*** Listed records ***
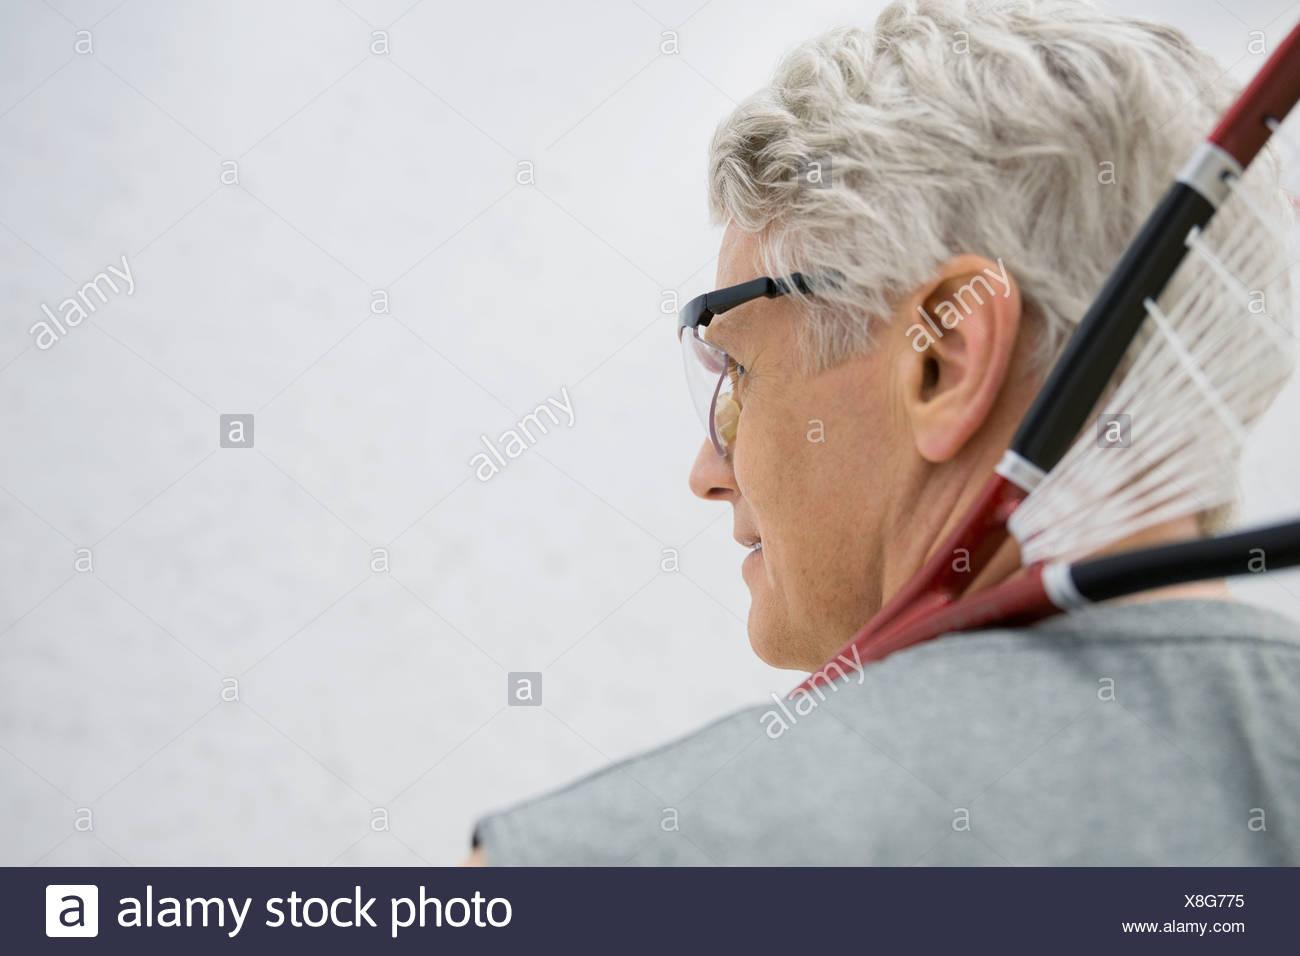 Hombre de gafas celebración squash raqueta Imagen De Stock
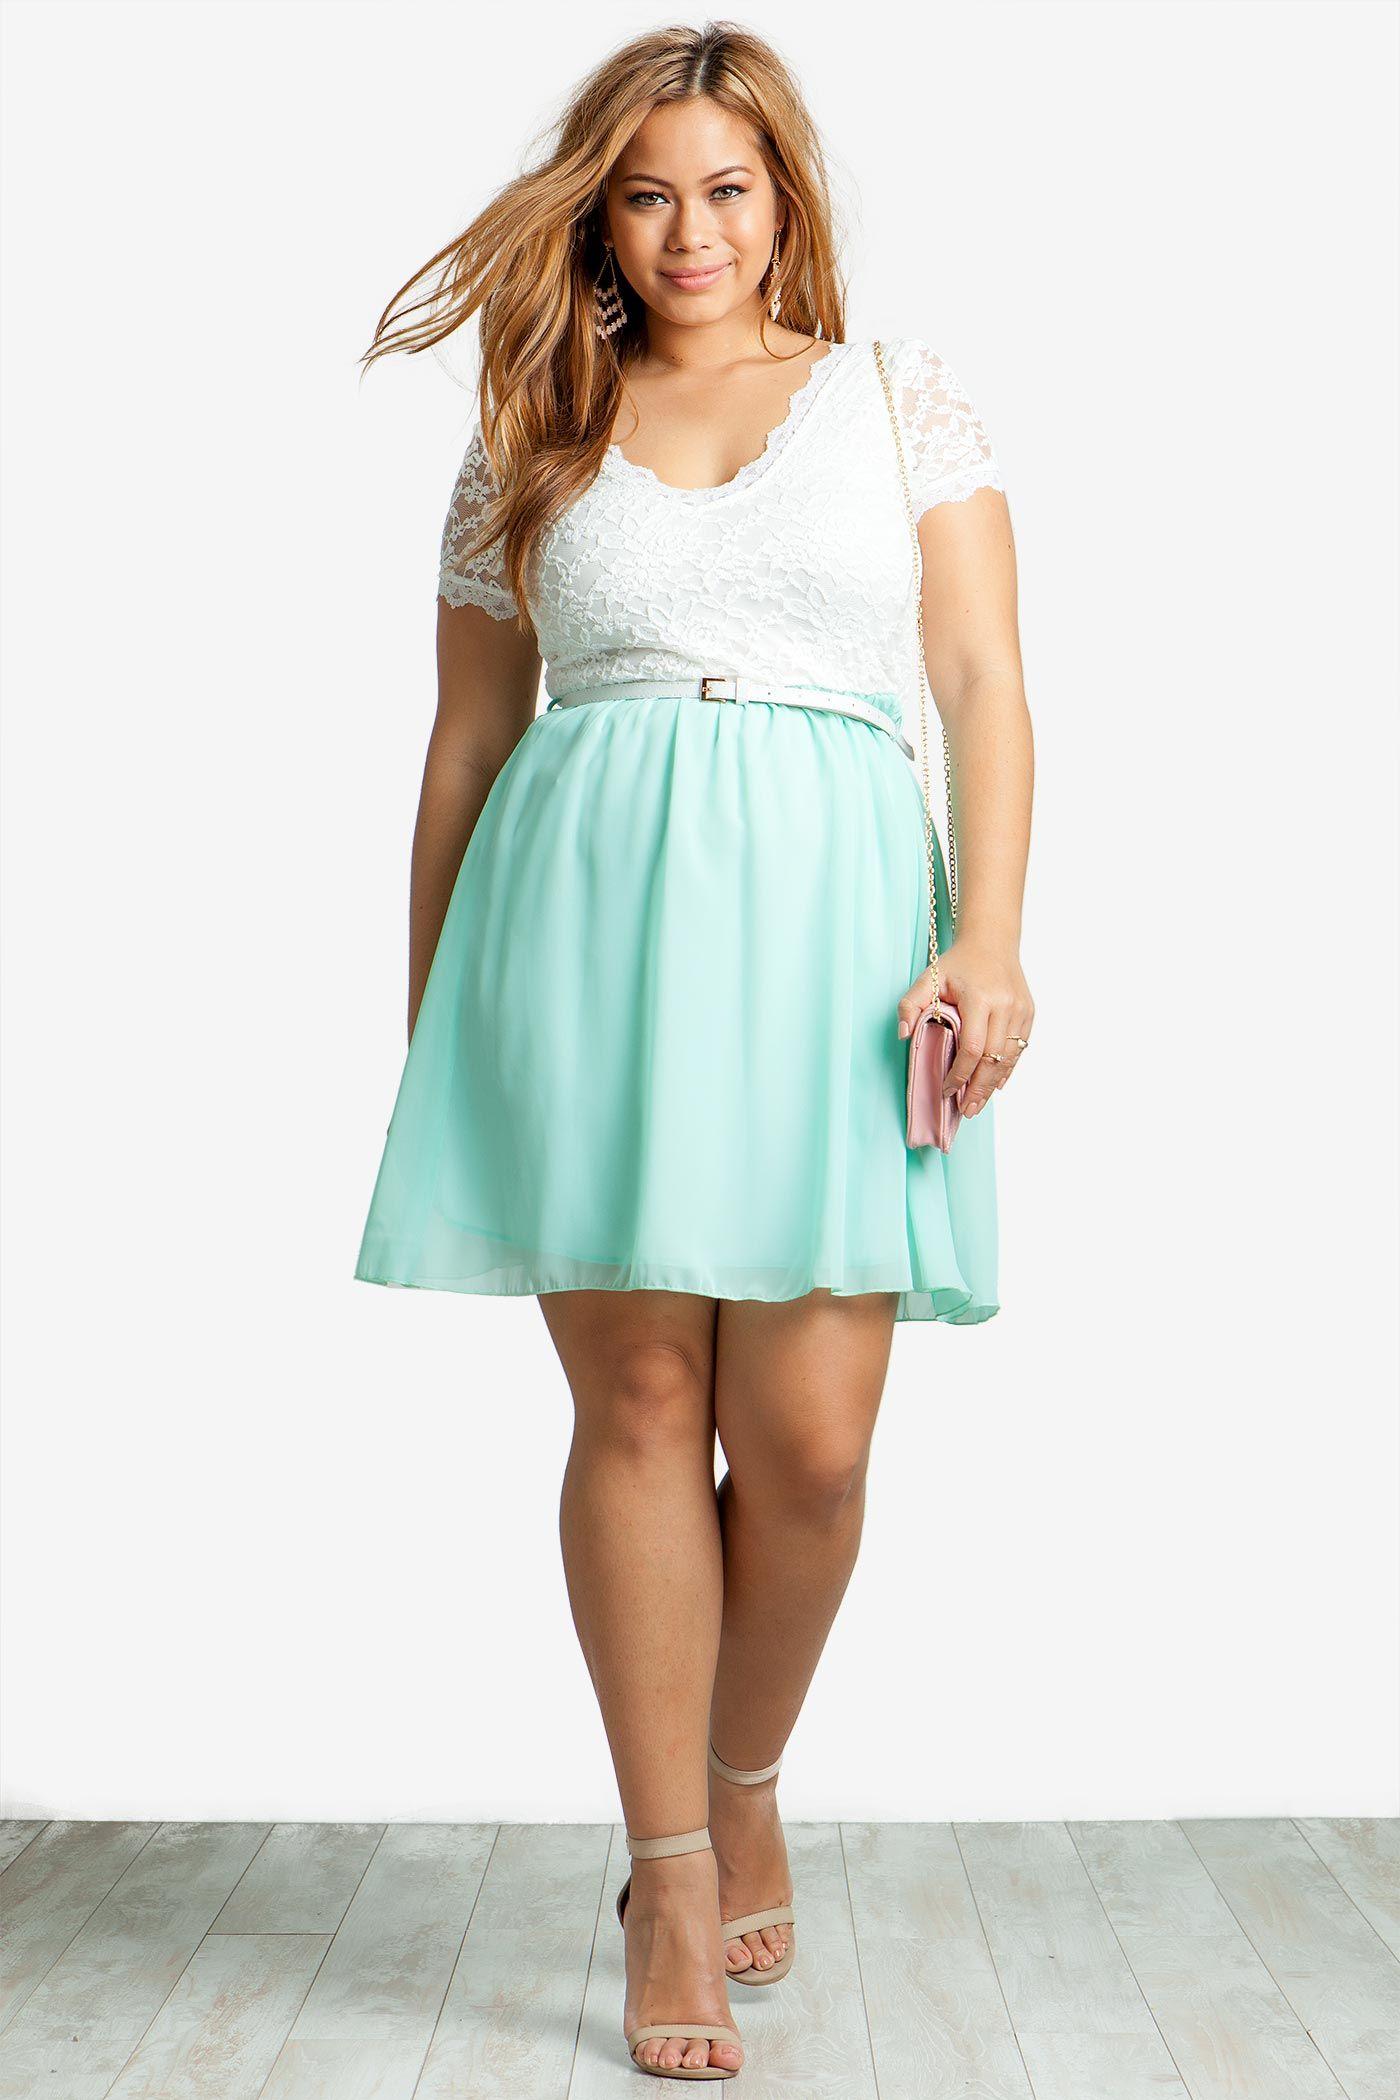 Women\'s Party Dresses | Sweet Lace V-Neck Flare Dress | A\'GACI ...
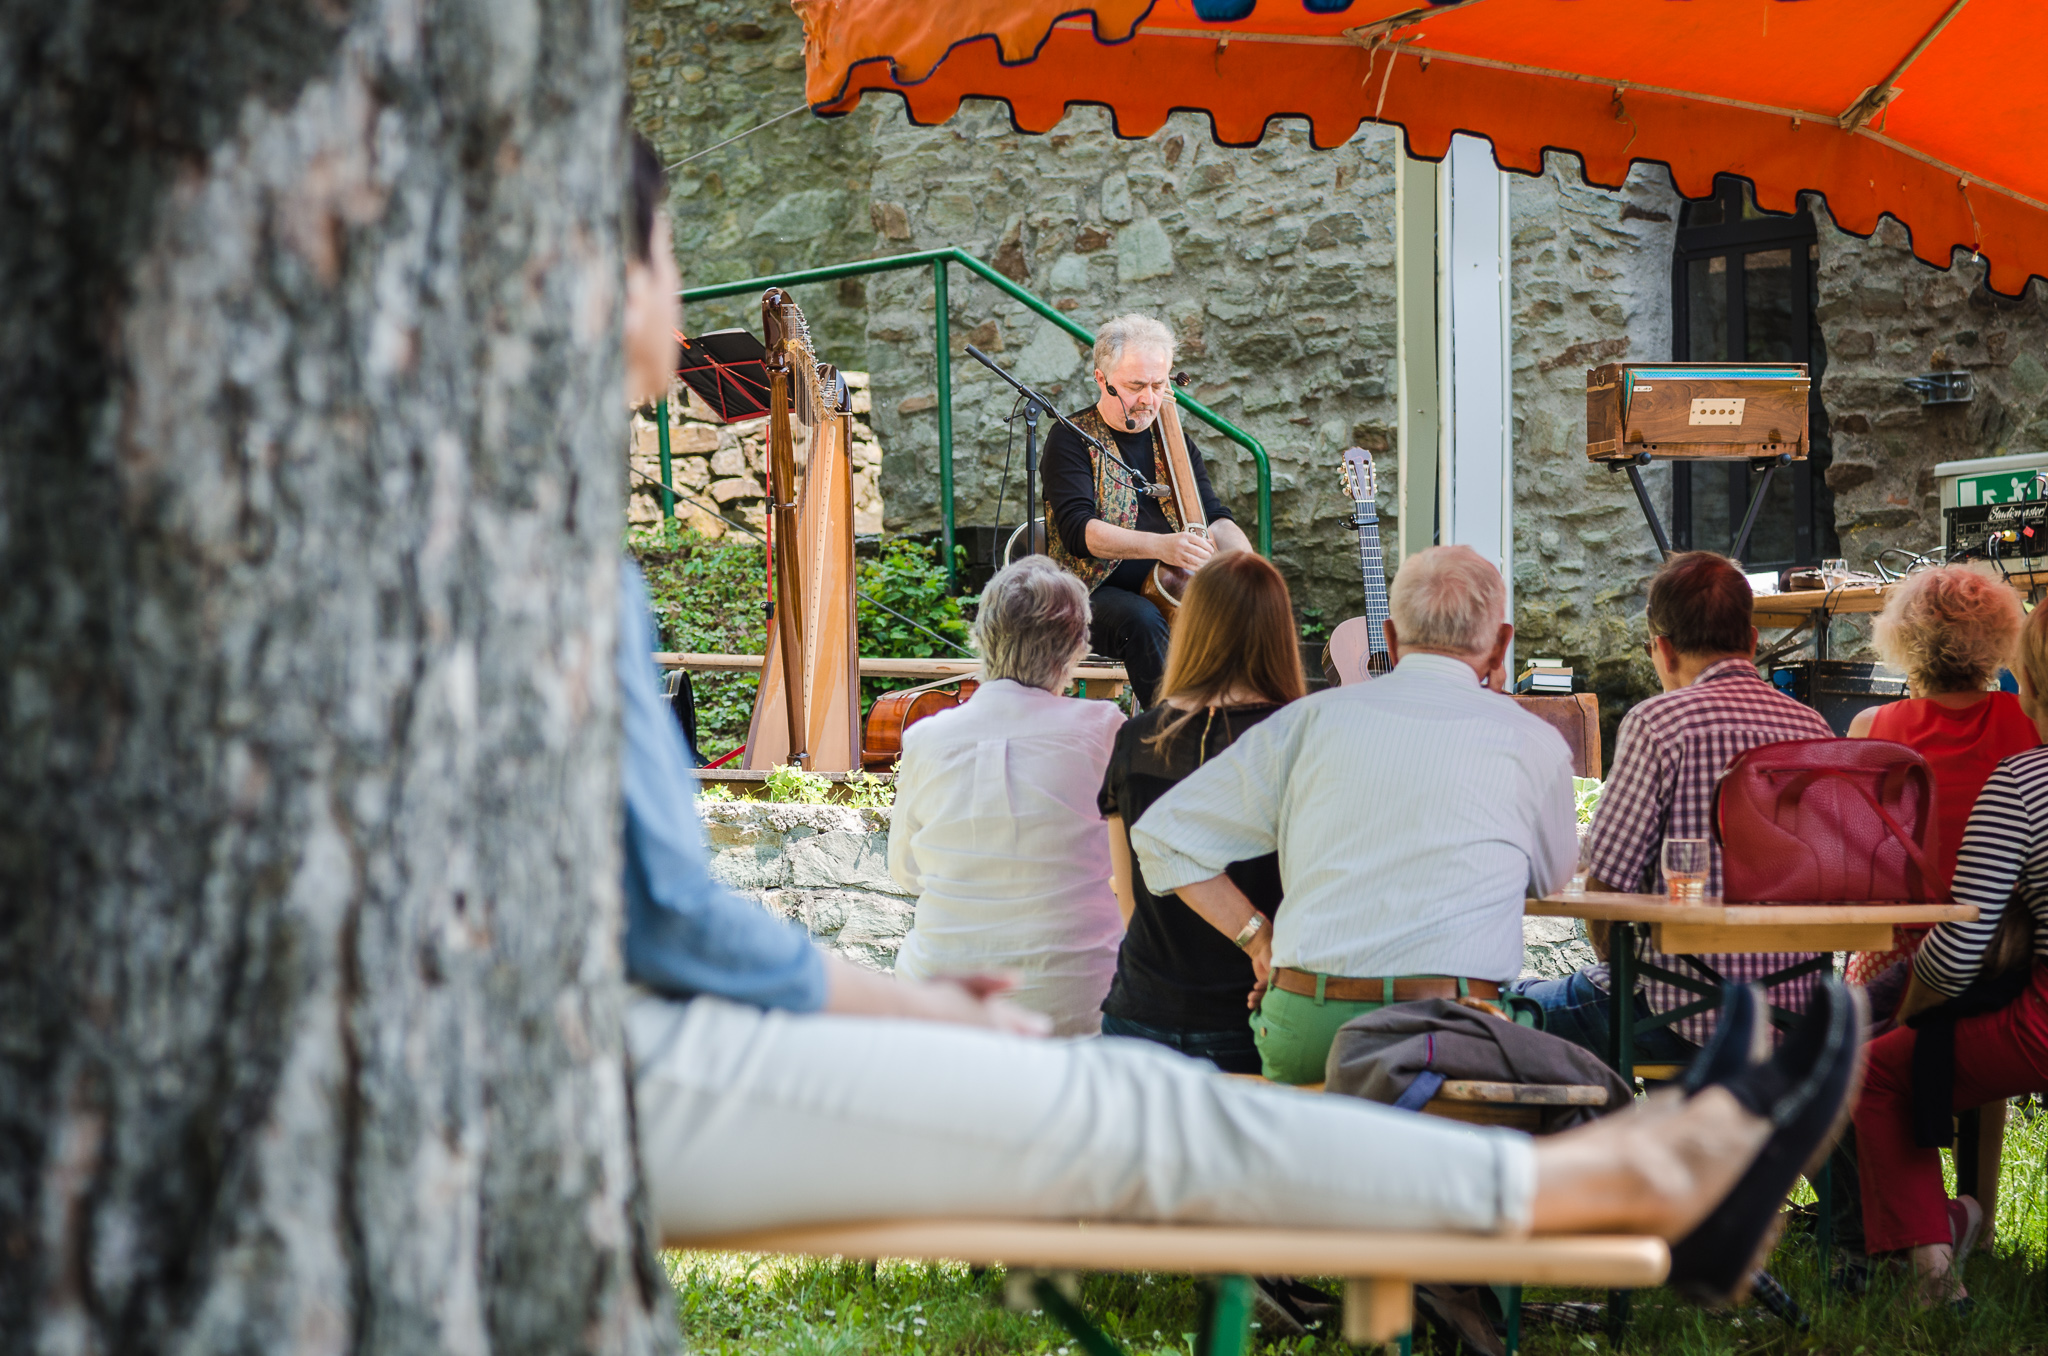 20160605_Wiesbadener_Burgfestspiele_Burg_Sonnenberg-8357.jpg
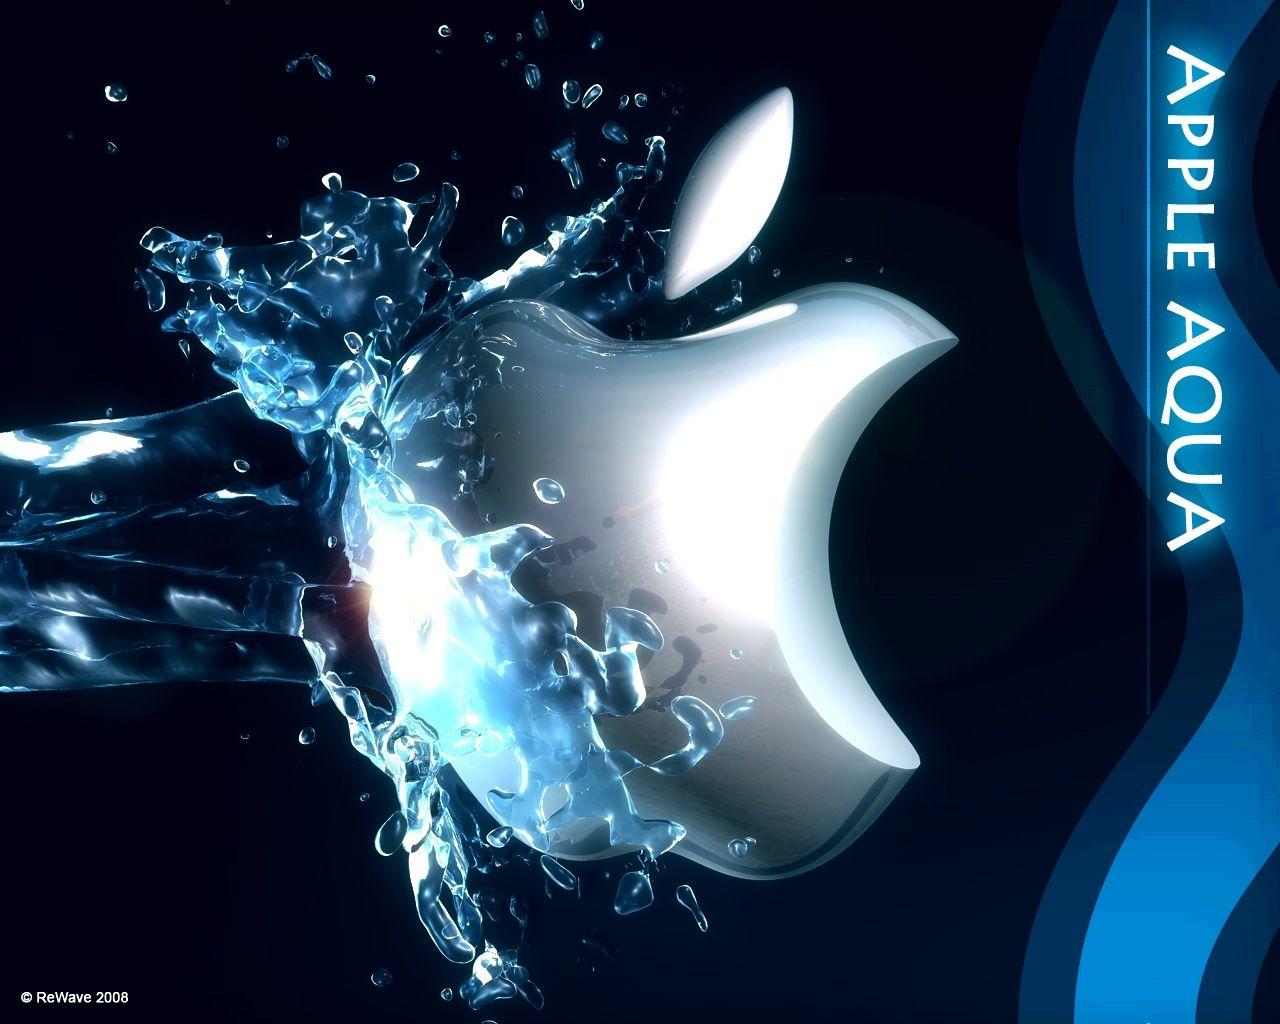 Apple Inc Wallpaper Apple Aqua Wallpapers Hd Wallpapers 92982 Apple Wallpaper Apple Iphone Wallpaper Hd Apple Logo Wallpaper Iphone
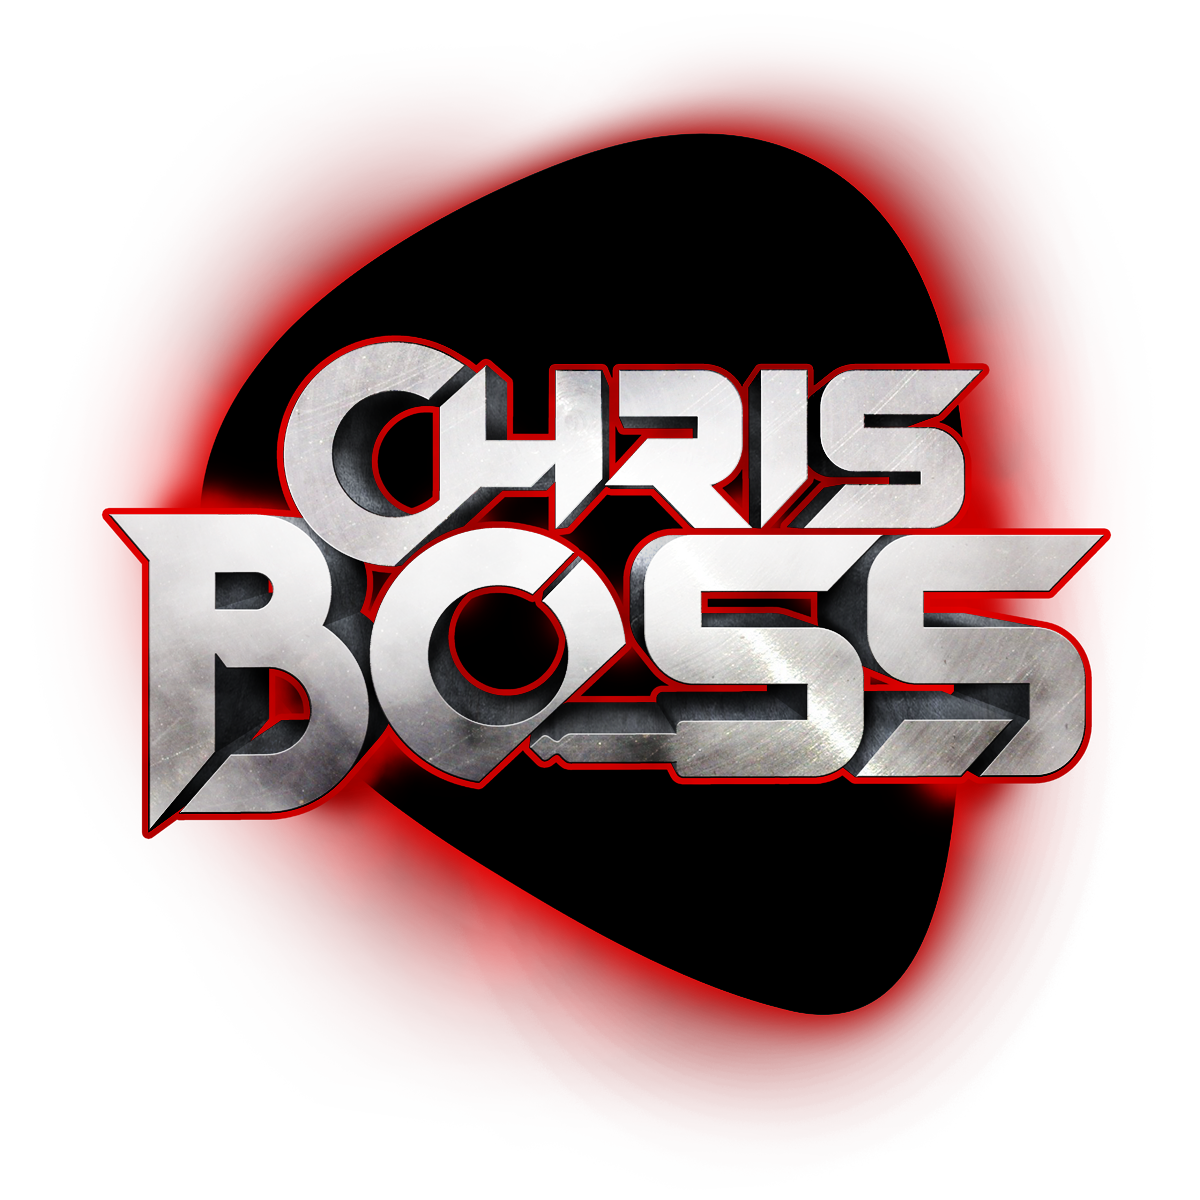 Chris Boss
*** End of Listed records ***
What to do - Please, leaving out all pictures, transcribe exactly the lines above from the one containing "Women\'s Party Dresses" through the final line, both included.

Expected output -
 Women\'s Party Dresses | Sweet Lace V-Neck Flare Dress | A\'GACI ...
 20160605_Wiesbadener_Burgfestspiele_Burg_Sonnenberg-8357.jpg
 Apple Inc Wallpaper Apple Aqua Wallpapers Hd Wallpapers 92982 Apple Wallpaper Apple Iphone Wallpaper Hd Apple Logo Wallpaper Iphone
 Chris Boss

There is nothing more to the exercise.